In systems with a TPM or Secure Enclave, devices and memories may implement two additional mandatory access control bits (bits 17..16) so that the Secure Enclave can restrict access to itself. Even ring 7 of system SecureRISC processors would not be able to add these bits to AccessRights[7], as they do not exist, thus making it impossible to override the Secure Enclave. I/O devices would likewise not be able to set bit 17, so the Secure Enclave might use bit 16 for I/O (though this is unlikely), but reserve bit 17 for its own accesses only.
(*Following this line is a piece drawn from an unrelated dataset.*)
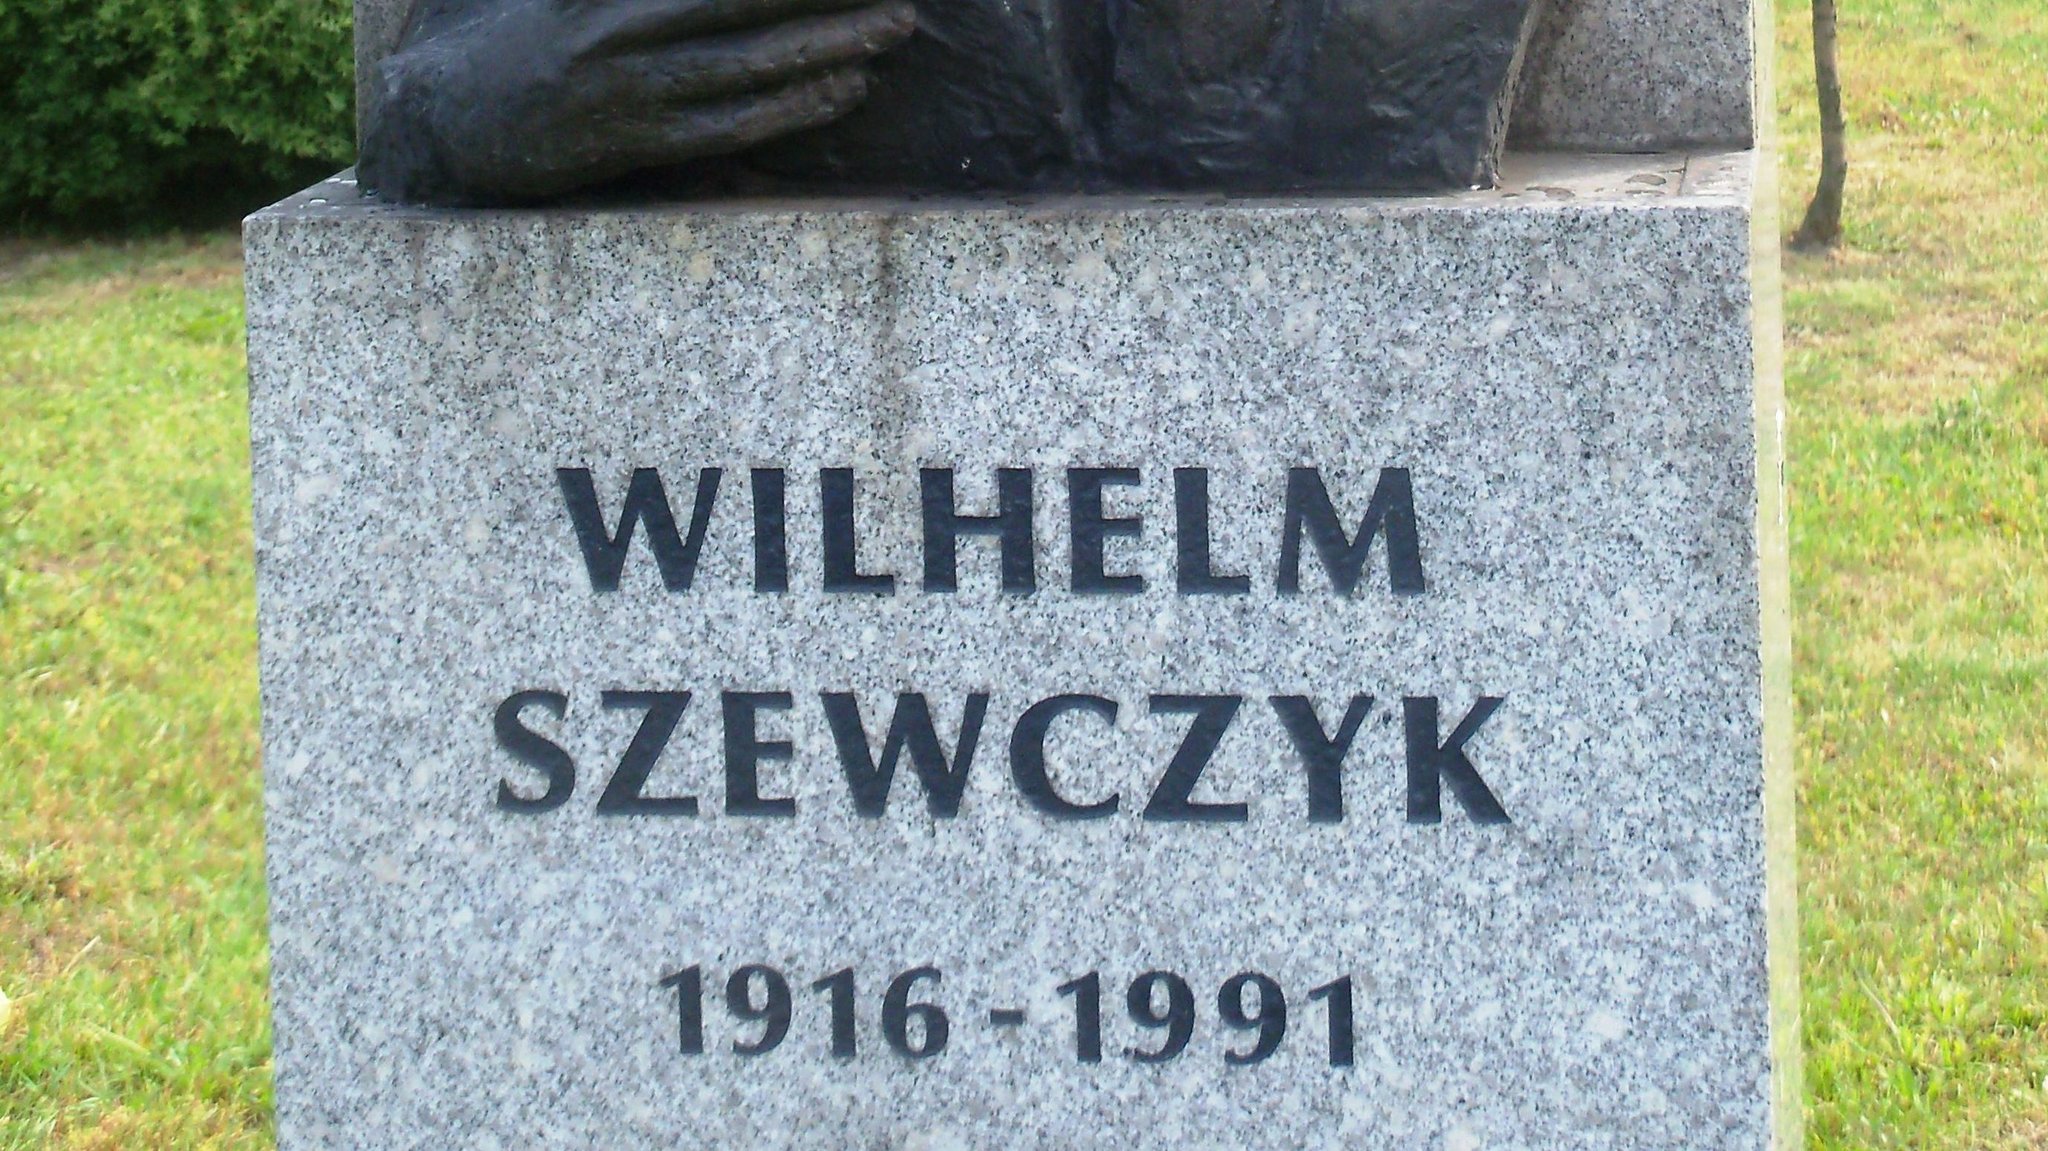 Надпись на памятнике Вильгельму Шевчику

SecureRISC processors have three levels of Reset and one Non-maskable Interrupt (NMI):

Power-on Reset
Hard Reset
Soft Reset
Non-maskable Interrupts (NMIs)

Power-on Reset is required when power is first applied to the processor, and may require thousands of cycles, during which time various non-digital circuits may be brought into synchronization. In addition the processor may run Built-in Self Test (BIST), which may leave the caches initialized, thereby eliminating the need for some of the steps below. Software detection of this might be based on reading status set by BIST as the first step (details TBD). After this initialization, Power-on Reset is identical to Hard Reset. Hard Reset forces the processor to reset even when there are outstanding operations in process, e.g., queued reads and writes, and will require system logic to be similarly reset to maintain synchronization. Power-on Reset and Hard Reset begin execution at the same hardwired ROM address. Soft Reset simply forces the processor to begin executing at the separate Soft Reset ROM address, while maintaining its existing interface to the system interconnect (e.g., queued reads and writes). Soft Reset may be used to restart a processor that has entered the Halt state. Finally Non-Maskable Interrupts cause an interrupt to a ring 7 address for ultra-timing-critical events. NMIs are initiated with an edge-triggered signal and should not be repeated while an earlier NMI is being handled. Timing-critical events that can be delayed during other interrupt processing should use normal message interrupts, to be serviced at their specified interrupt priority.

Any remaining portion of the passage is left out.